WORK INSTRUCTIONS:
Images aside, the whole listing should be written out word for word.

SOURCE DATA:
________________

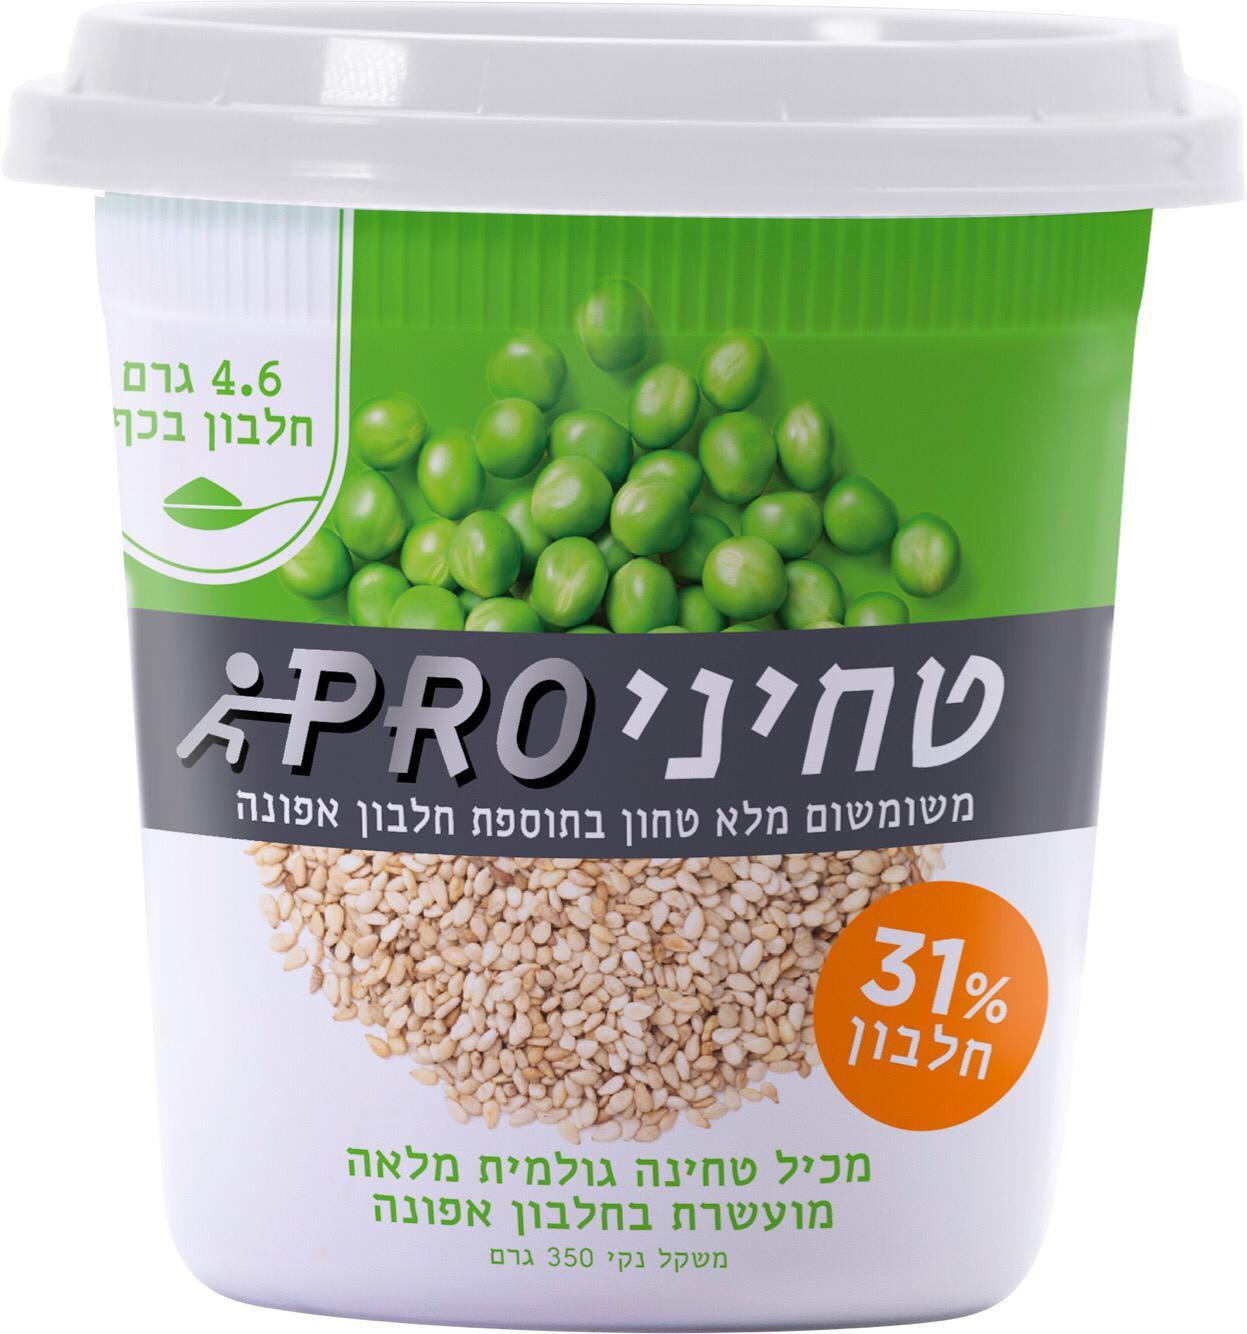 מבצעי 1+1|טחיניפרו 31% חלבון - טחינה משומשום מלא בתוספת חלבון אפונה
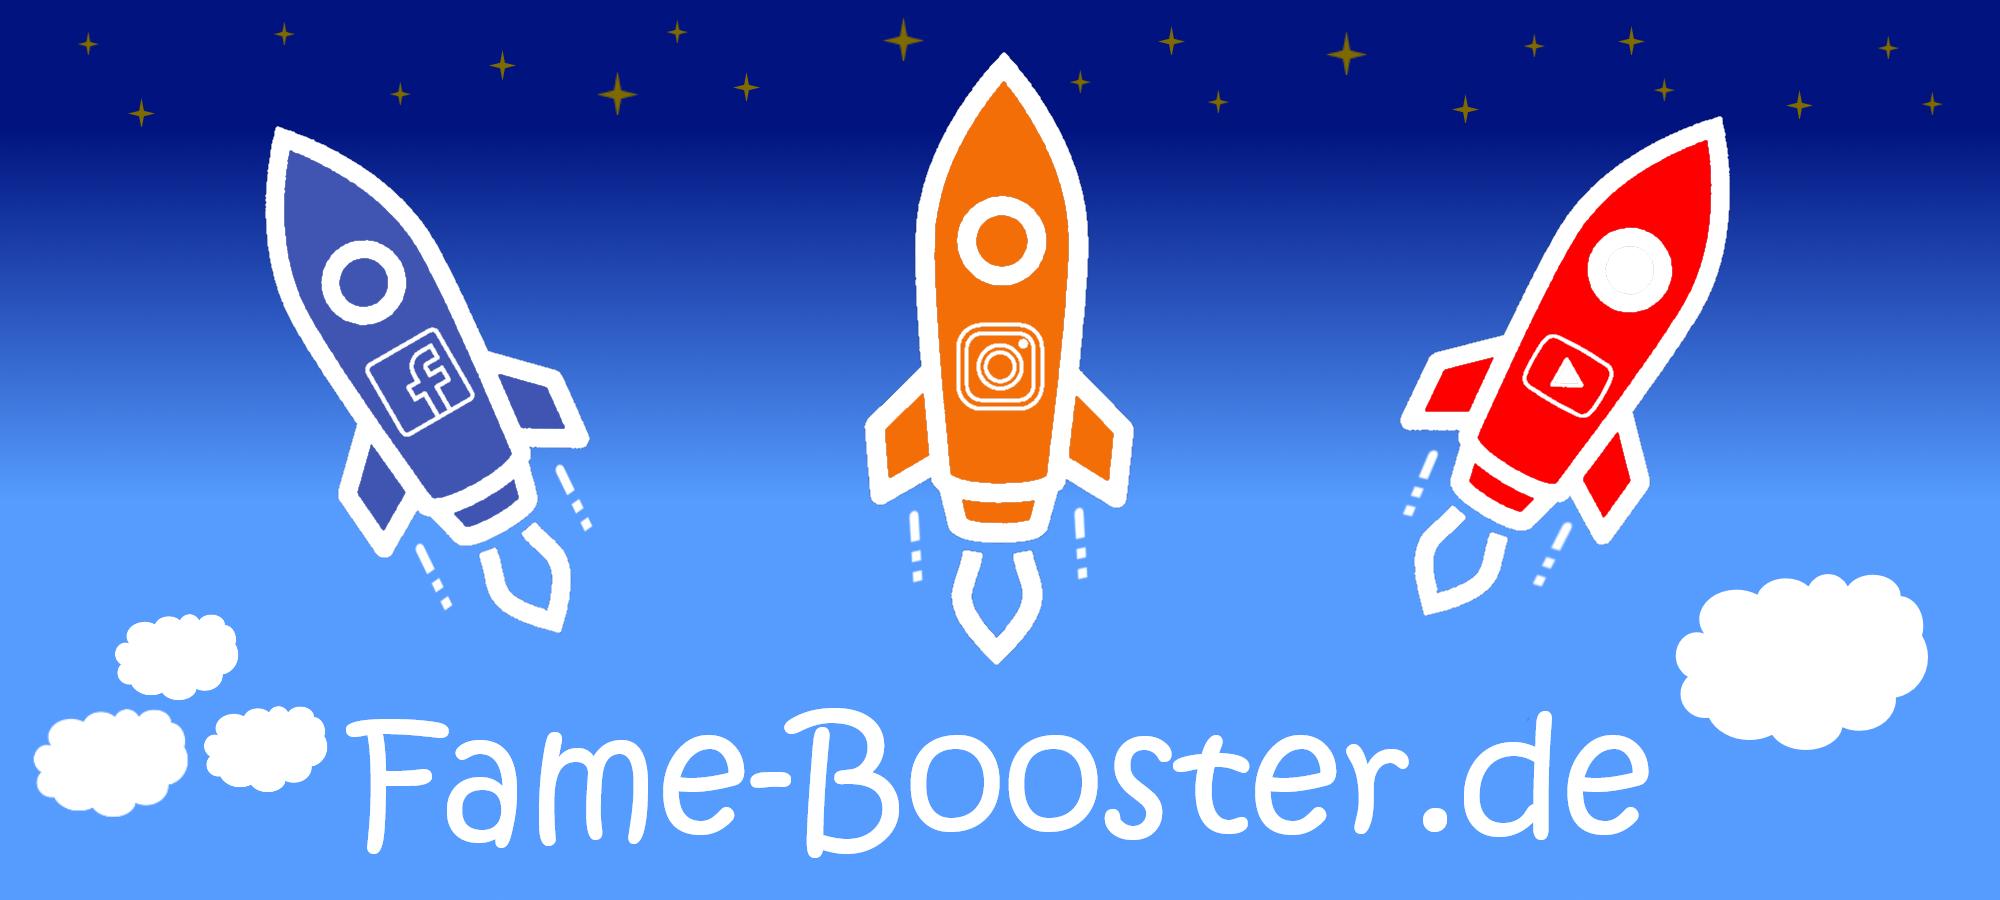 Logo von Fame-booster.de
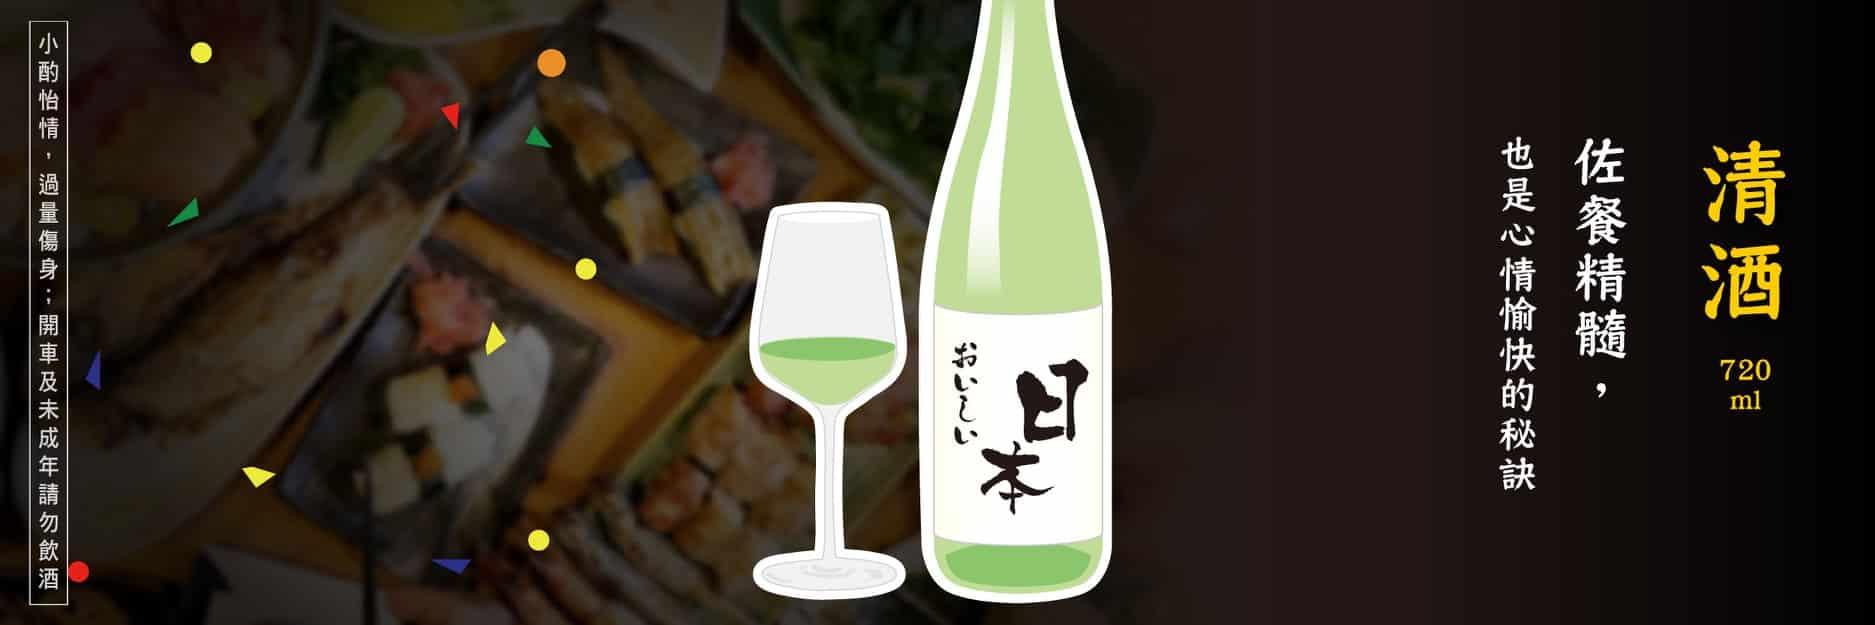 野草居食屋-周年慶 (4)
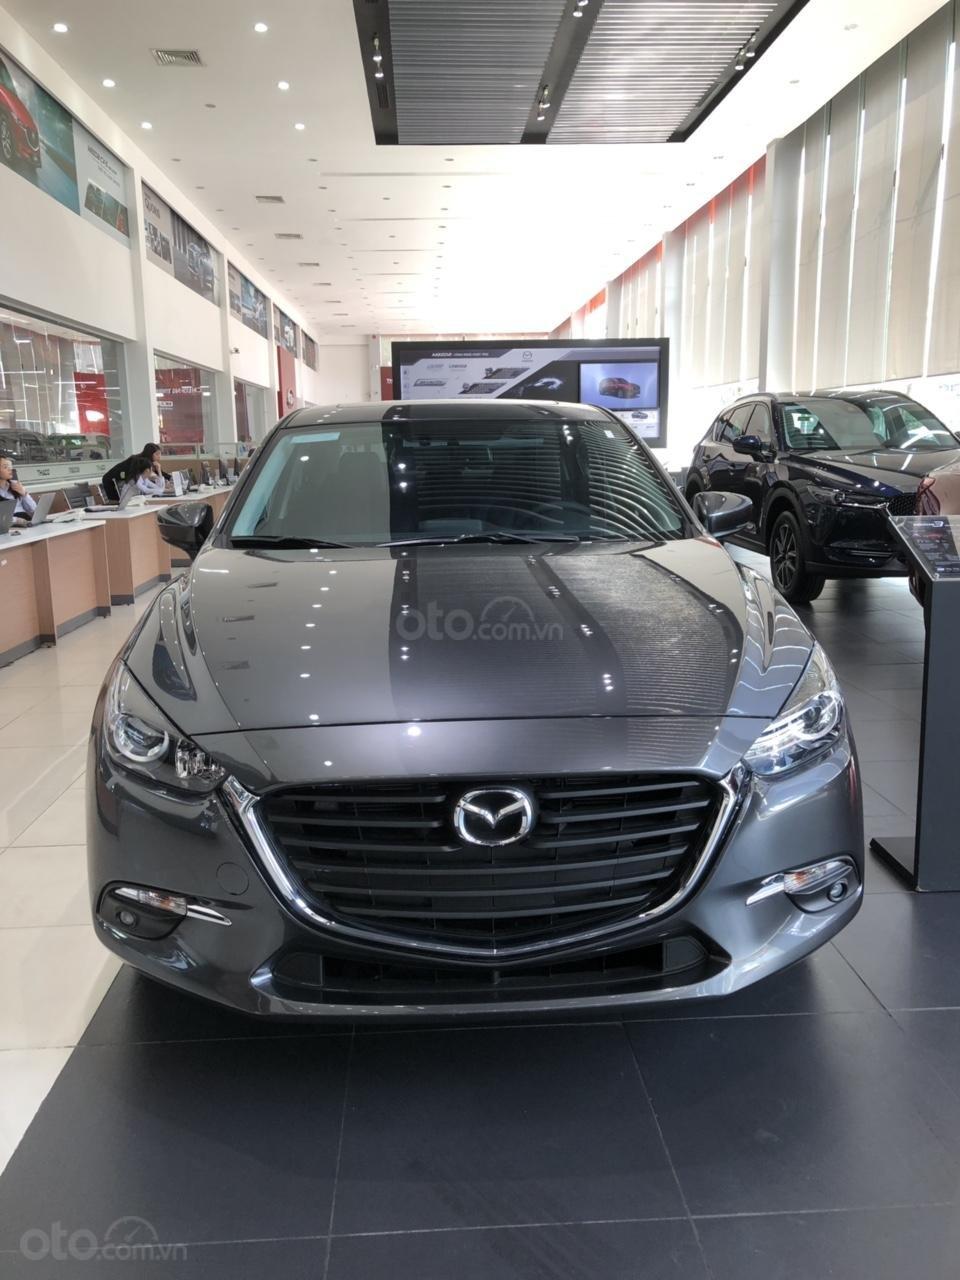 Bán Mazda 3 tại CN Bình Triệu - Khai trương ưu đãi khủng, ưu đãi shock khi mua xe (1)
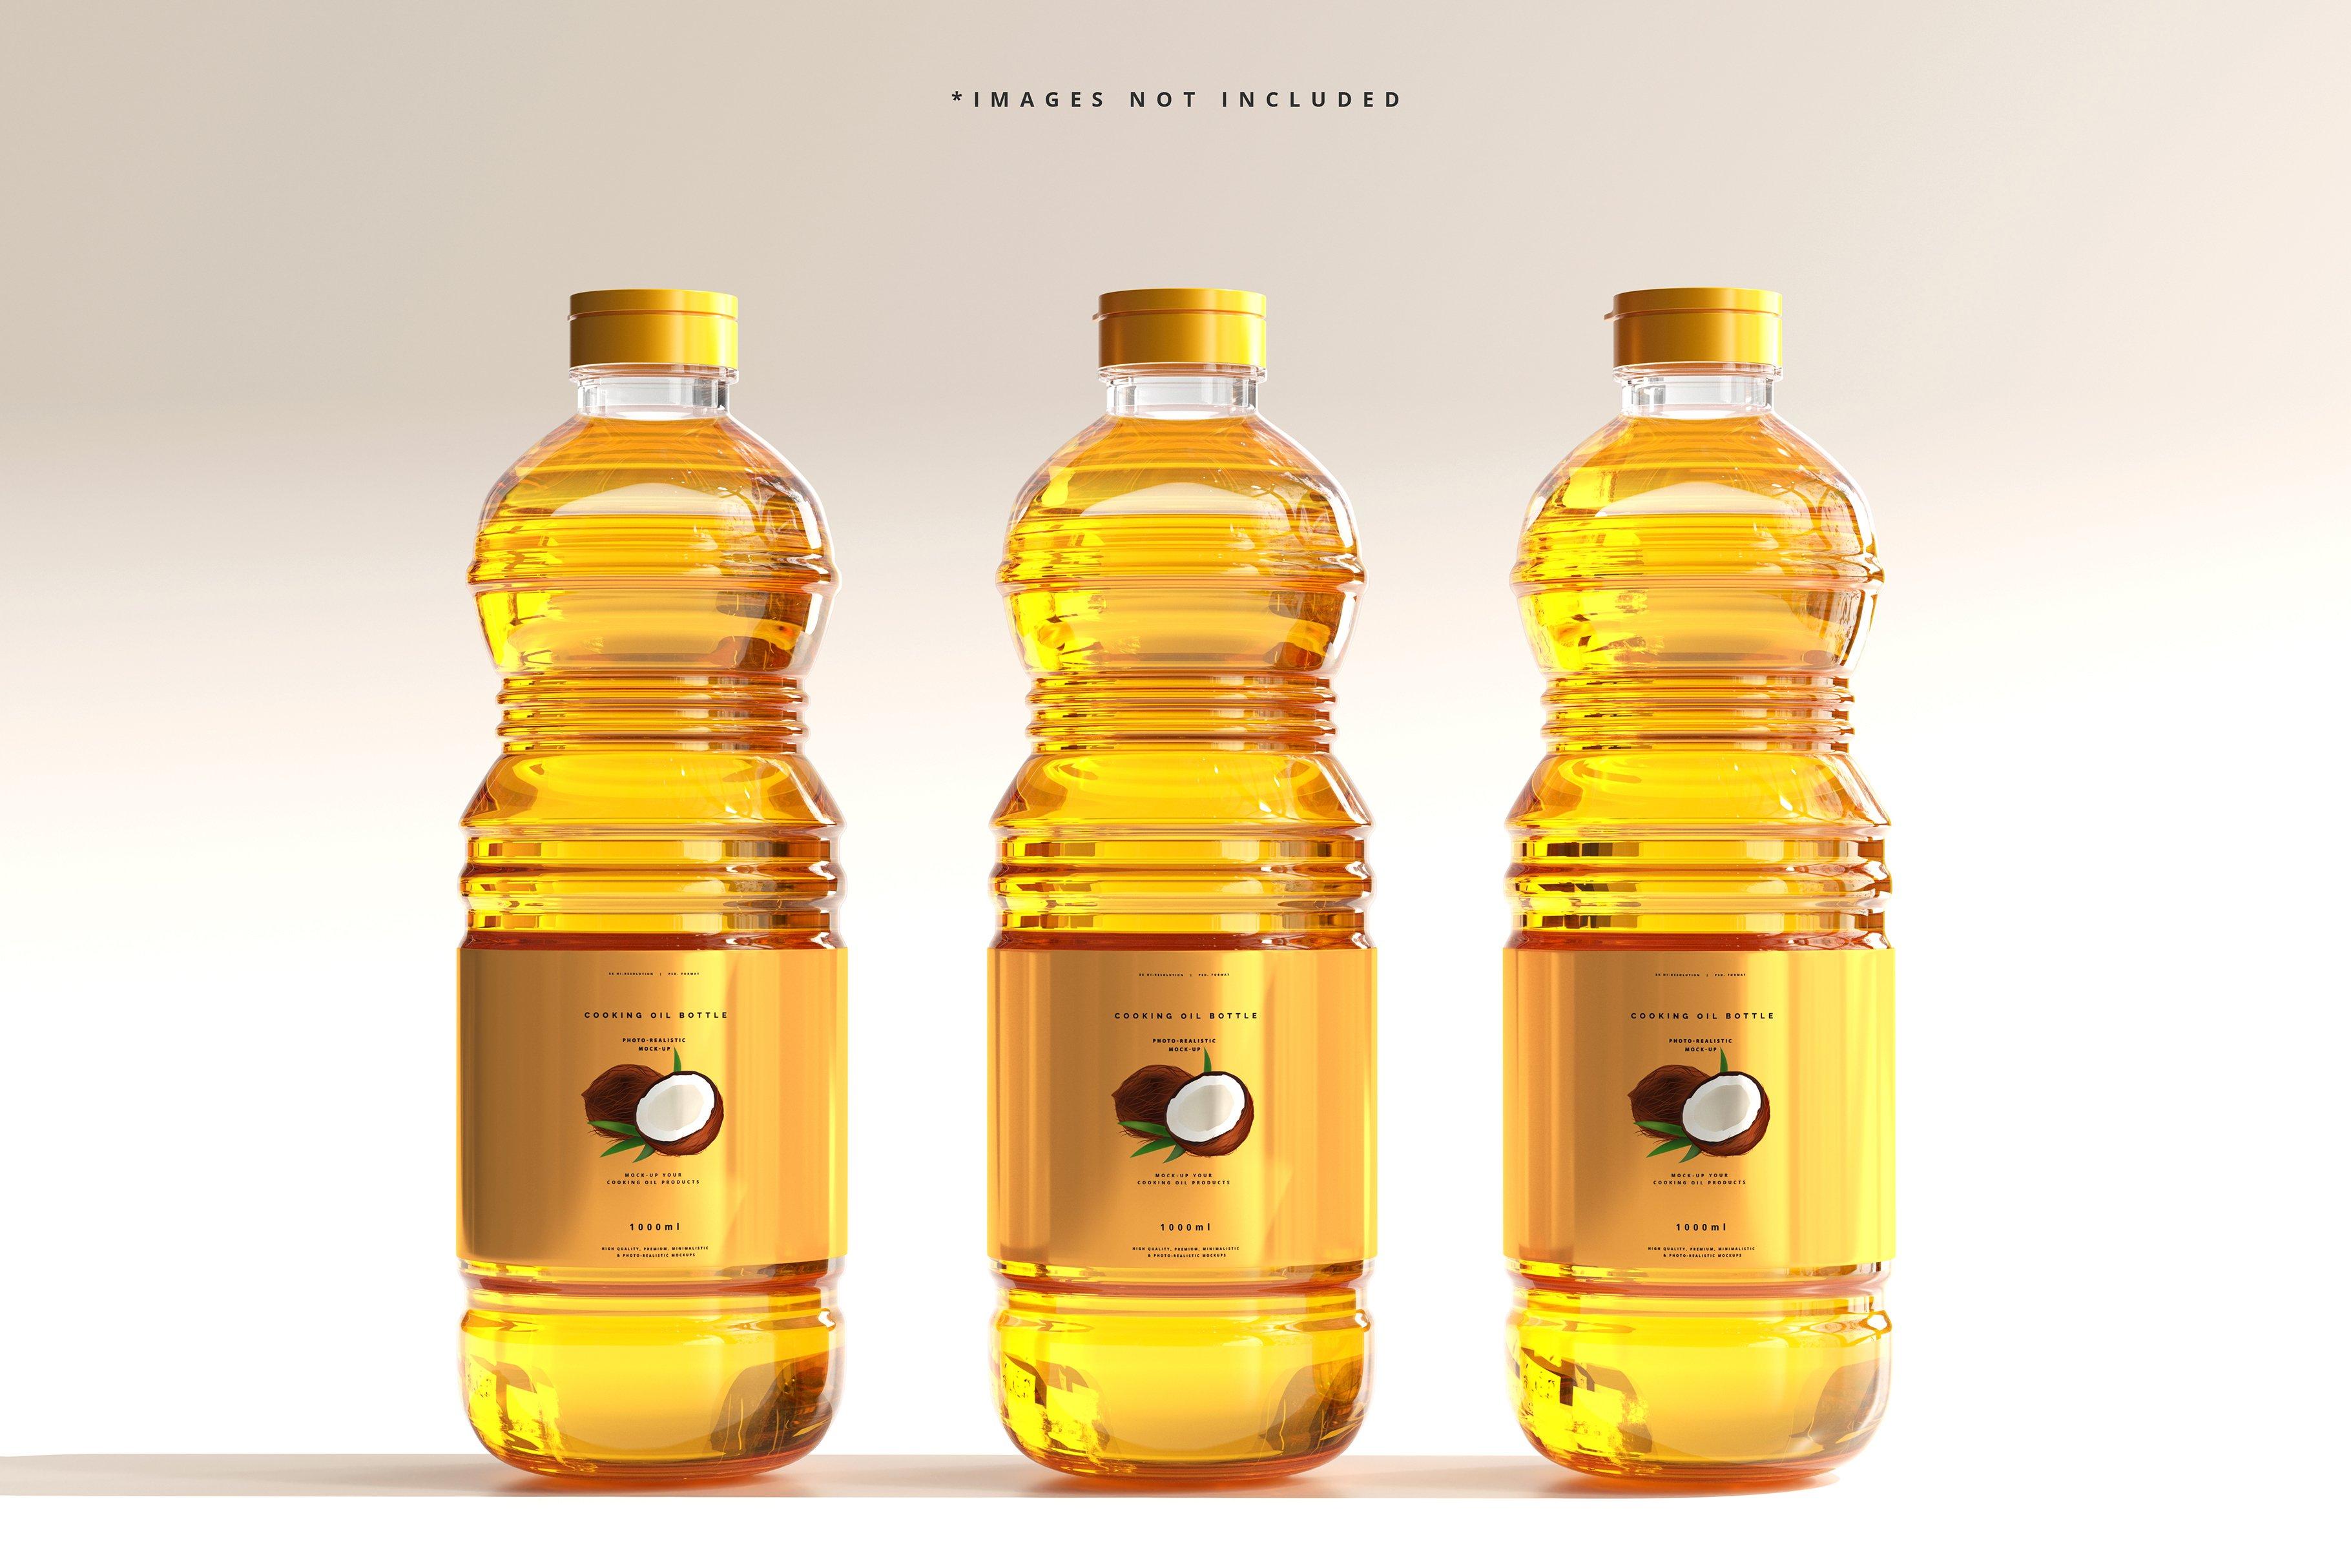 8款透明质感食用油塑料瓶设计展示贴图样机模板 Cooking Oil Bottle Mockup插图2

________________

REPLY:
 מבצעי 1+1|טחיניפרו 31% חלבון - טחינה משומשום מלא בתוספת חלבון אפונה
 Logo von Fame-booster.de
 野草居食屋-周年慶 (4)
 Bán Mazda 3 tại CN Bình Triệu - Khai trương ưu đãi khủng, ưu đãi shock khi mua xe (1)
 8款透明质感食用油塑料瓶设计展示贴图样机模板 Cooking Oil Bottle Mockup插图2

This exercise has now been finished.